The trope of civilian: Perpetrator or Victim
In alignment with the doctrine when, Iraqis were often framed within one of two paradigms: as perpetrators or as victims needing American intervention. In one striking image, an American soldier escorts an Iraqi man out of a building, armed and masked, with comrades forming a protective perimeter. The image reinforces the narrative of the American soldier as a protector and hero, while the Iraqi man’s identity is reduced to that of a possible threat. Brody later revealed the reality behind such images to “Photograph the men being captured as though they were dangerous militants when really, they were just Sunni and targeted for sectarian reasons by the Iraqi Police”.
Depersonalisation and Concealment
The sanitisation of war extended to its most brutal realities. Brody recalls being directed not to photograph the obscenity of what bombs did to human bodies. Instead, suffering was obscured, creating a detachment between the viewer and the realities of war. In one haunting image, a human body lies under a sheet, crawling with bugs. Only a limp arm, adorned with a wedding ring, protrudes from the sheet. While the photograph hints at the consequences of war, it stops short of revealing the full extent of its horrors.
Similarly, Brody’s image of rows of bodies wrapped in plastic bags underscores this concealment. The anonymity of the dead—depersonalised and sanitised—aligns with the U.S. military’s refusal to conduct or release body counts. General Tommy Franks famously declared in 2002, “We don’t do body counts.” By February 2020, the Iraq Body Count project had documented over 207,759 Iraqi civilian deaths. These figures remained invisible in the official narrative, hinted at only through the absences in Brody’s photographs.
A Disillusioned Perspective
Reflecting on his work, Brody grapples with his role as a “propagandist”. He describes the frustration of photographing within the confines of the military’s visual scope. In his 2019 book Attention Servicemember, Brody pairs his images with a critical elegy of his experiences, exposing the orchestration behind the war’s imagery. “We didn’t help the Iraqi people,” he admits, countering the “Winning Hearts and Minds” rhetoric employed to justify the invasion.
Brody’s disillusionment echoes the sentiments of other embedded photographers who found their perspectives shaped by proximity to the military.
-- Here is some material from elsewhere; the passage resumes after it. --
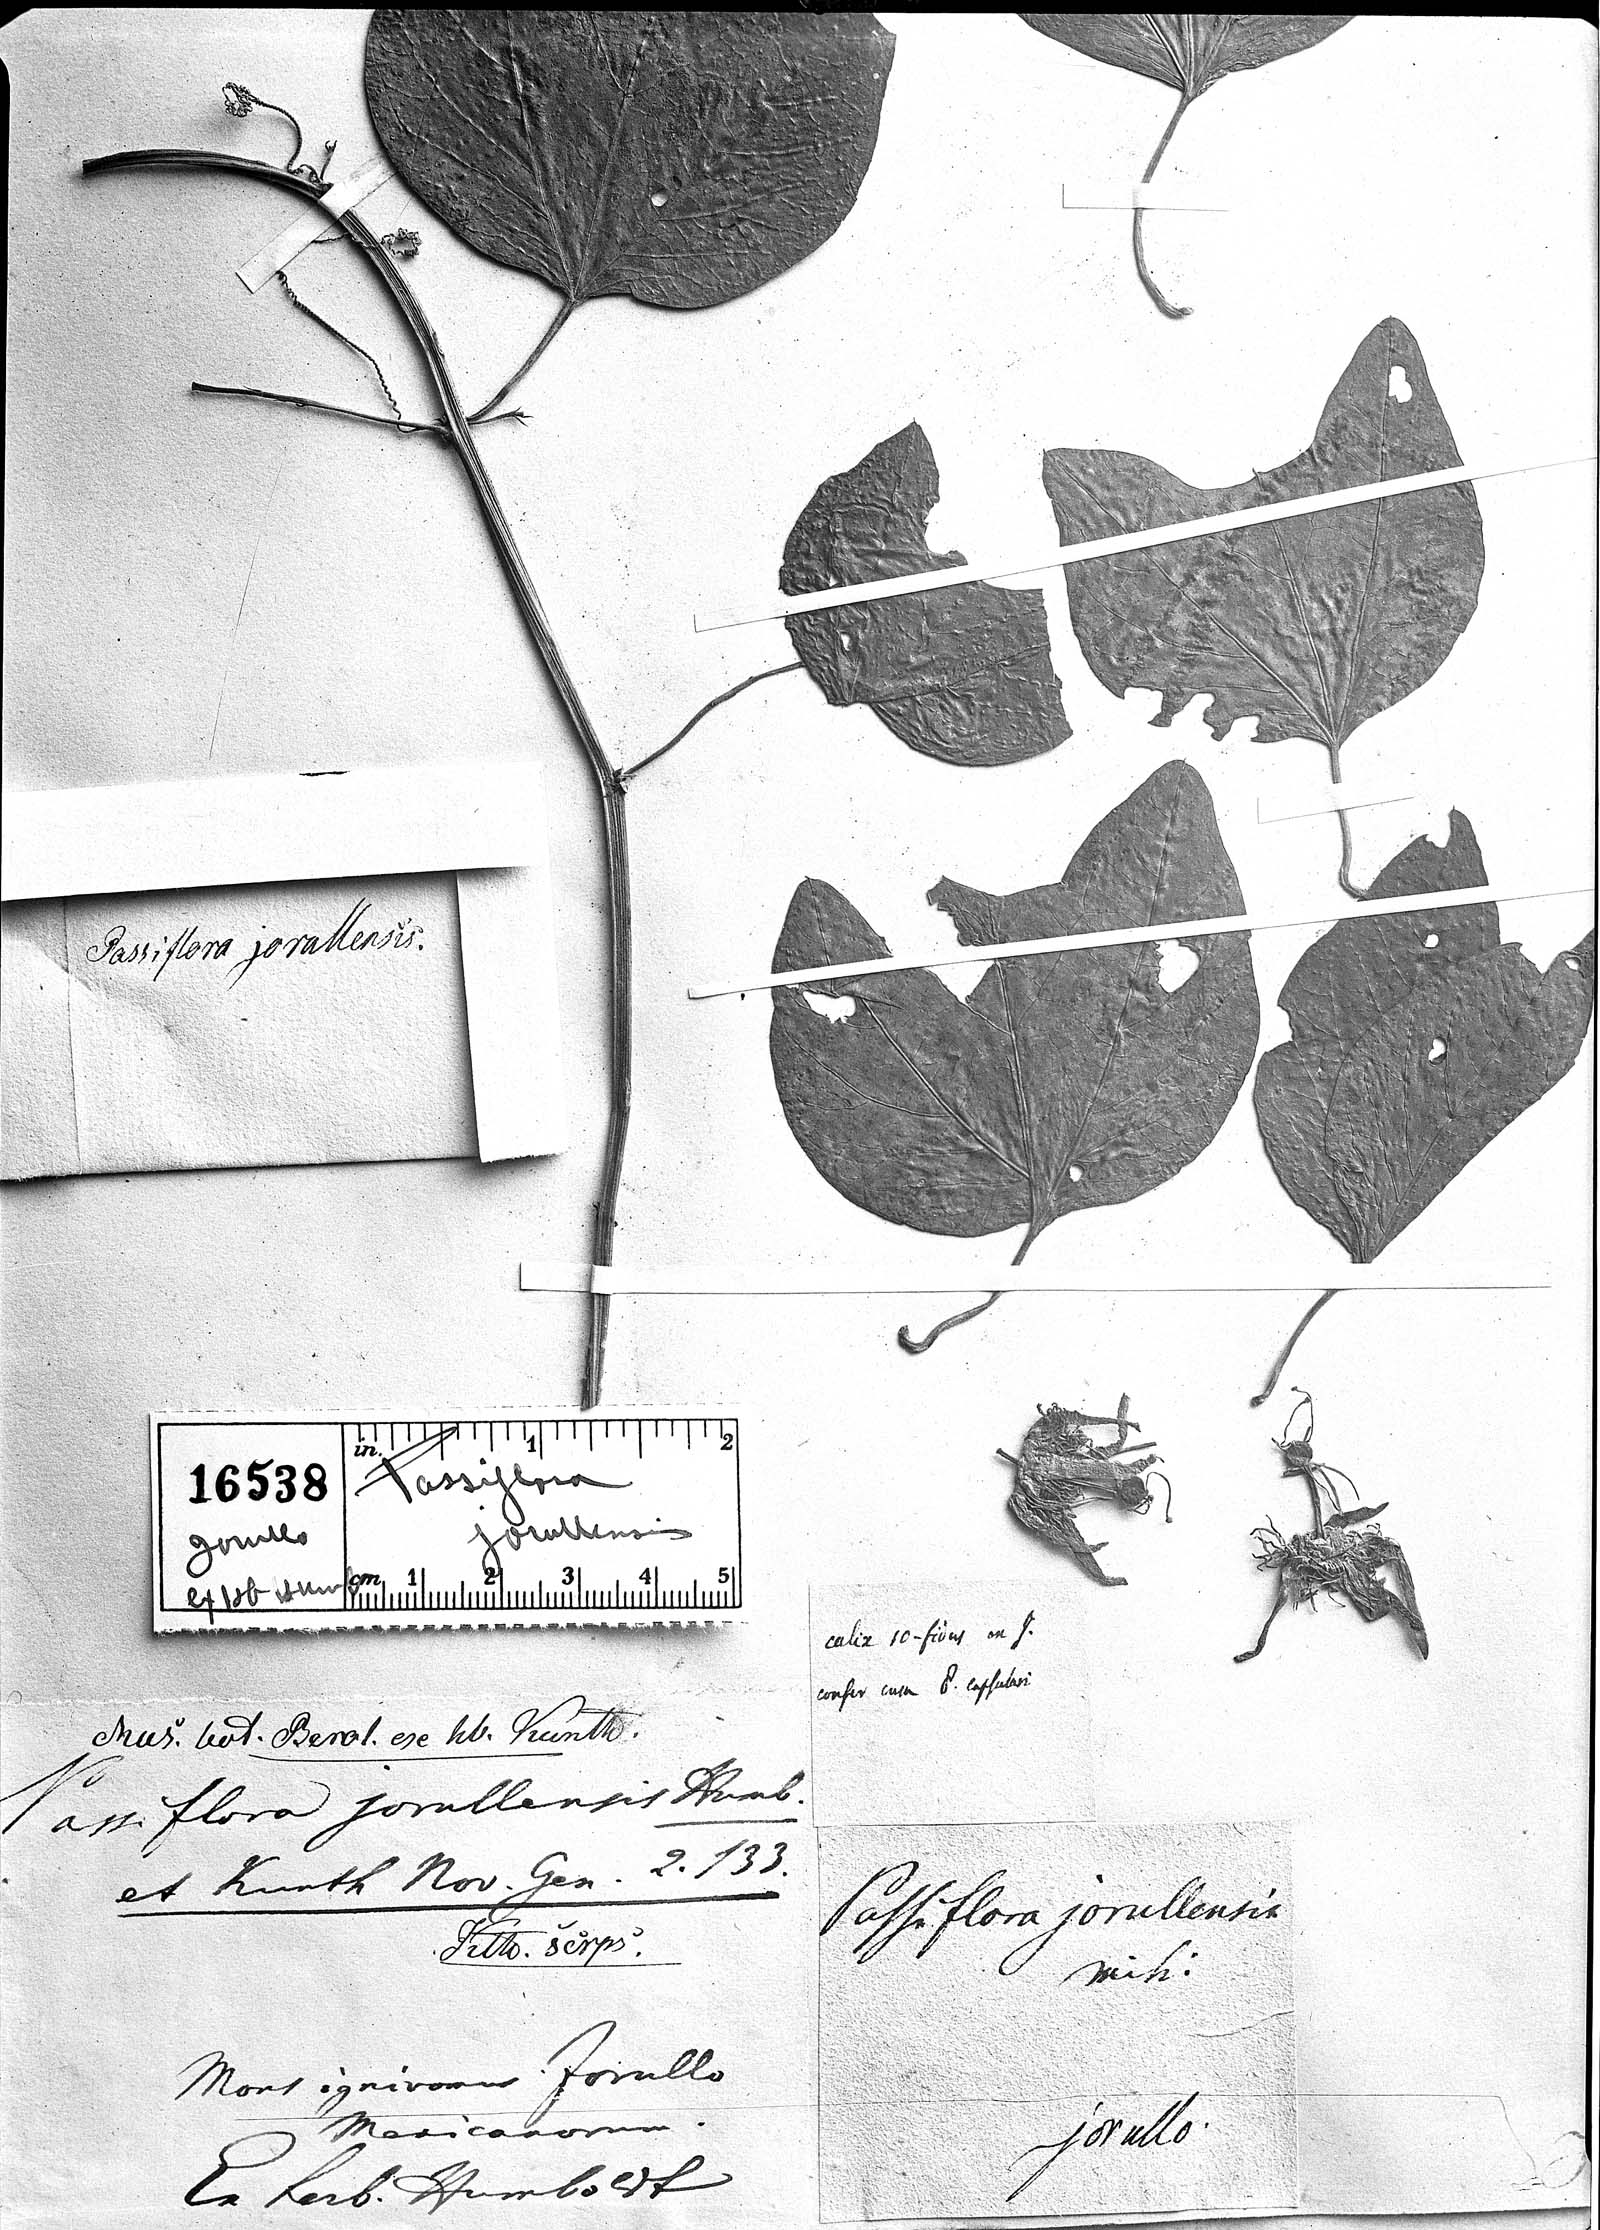 Passiflora jorullensis image

Photographer Peter van Agtmael notes, “So much of the attention was focused on the Americans, and yet, in human terms, they played a small part.” This limited viewpoint prevented deeper engagement with the lives and experiences of Iraqis, reinforcing an “us vs. them” mentality.
Ben Brody’s reflections on the visual doctrine of the Iraq War highlight the role of photography in constructing narratives that justify military interventions. By controlling what was seen and omitted, the U.S. military shaped public perceptions of the war, amplifying themes of heroism and professionalism while concealing the realities of suffering and destruction. Brody’s work stands as both a testament to the power of imagery and a critique of its manipulation, challenging us to look beyond the official gaze and question the narratives we accept as truth.